Thursday, April 27, 2023

How I do Treasure Types

 

This is the B/X table for generating monster treasure. I assume that Gygax intended to use it when you are generating dungeons, at home, chilling alone with a cup of tea: It has a ton of rolls to do. Some of them are even PERCENTILE. 

I found myself having to generate treasure a lot of times during the game. Also I strongly dislike having so many types of coin: I only use silver (the standard) and gold coins (armor and other specific things are still keeping their gold prices). Copper is a nuisance and electrum can go fuck itself. I don't even want to know what the fuck it is, but it is surely something I don't want everywhere around on my fantasy world. 

I spent a lot of time calculating the averages of each treasure type. Someday I found out casually that they were already calculated for me, right at the preceding page:


To give it a little randomization, multiply the result according to this table. Note that I use silver standard, so that is the value in silver for me.

1 - 25% treasure
2 - 50% treasure
3 - 75 % treasure
4 - 100 % treasure
5 - 150% treasure
6 - 200% treasure

The numbers add to 600%, divided by six results so its 100%. This means that stastically the treasure amount doesn't change.

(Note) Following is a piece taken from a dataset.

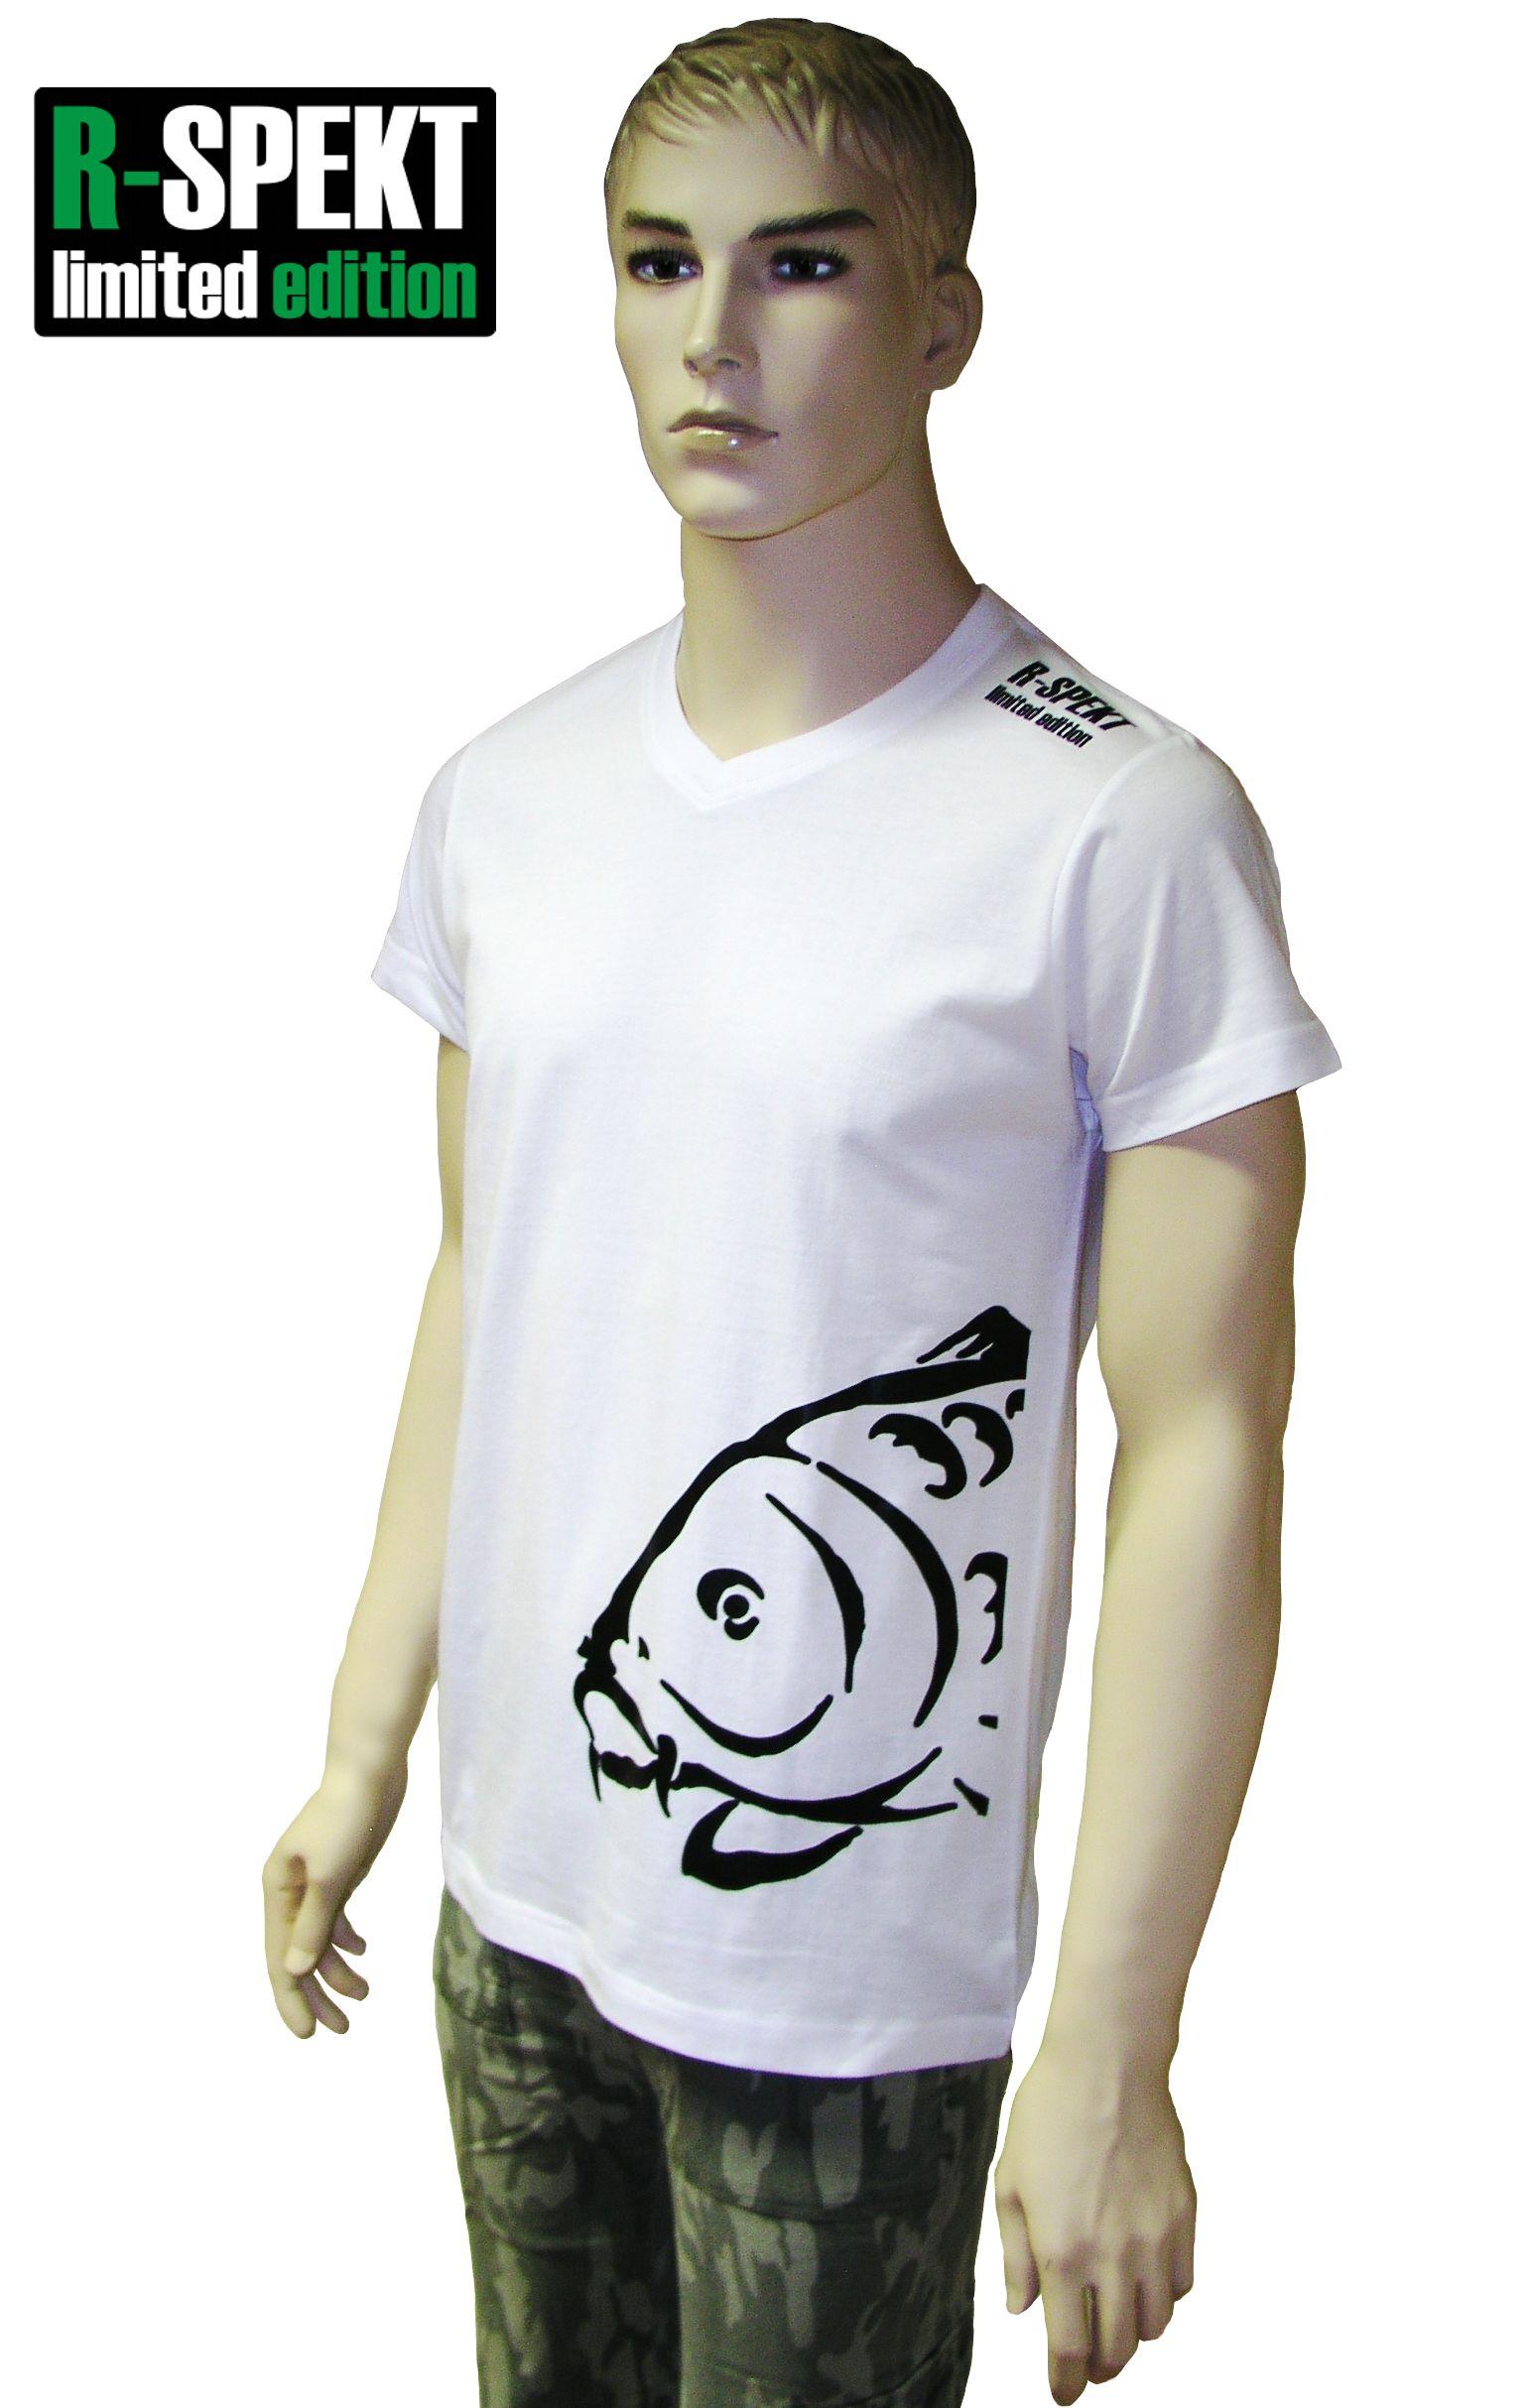 Tričko R-SPEKT Carper bílé

Then I roll 1d6 in this other table: The treasure is composed mostly of..:

1 - Gold coins (value as 10 silver coin each)
2 - Gems and jewelry. Depending on my mood this can be a single jewel or a myriad of small gems
3 - Valuable but small items (books, weapons)
4 - Valuable but bulky items (armor, statues, art)
5 - Silver coins
6 - Silver coins

For bigger treasures I divide the treasure into 2, 3 or 4 roughly equal parts and roll separately for each part.

Magical items are rolled normally but I approximate the results with d6. Not because I cannot roll percentile, but is a question of principles (for example, a Type A treasure with a 30% chance of magic treasure becomes 33% chance: 2 in 6). Percentile rolls feel ugly in D&D and the exact numbers are arbitrary after all.

EDIT: for convenience, I also calculated the averages of unguarded treasure rooms per dungeon level:

level 1: 158 gp

level 2 or 3: 483 gp

level 4 or 5: 1553 gp

level 6 or 7: 3205 gp

level 8+: 6256 gp

Average value of 1 gem: 194 gp 

Average value of 1 jewel: 1050gp


2 comments:

  1. Fun fact! Electrum is a mix of gold and silver, and was historically pretty common since the pure alloys were harder to get.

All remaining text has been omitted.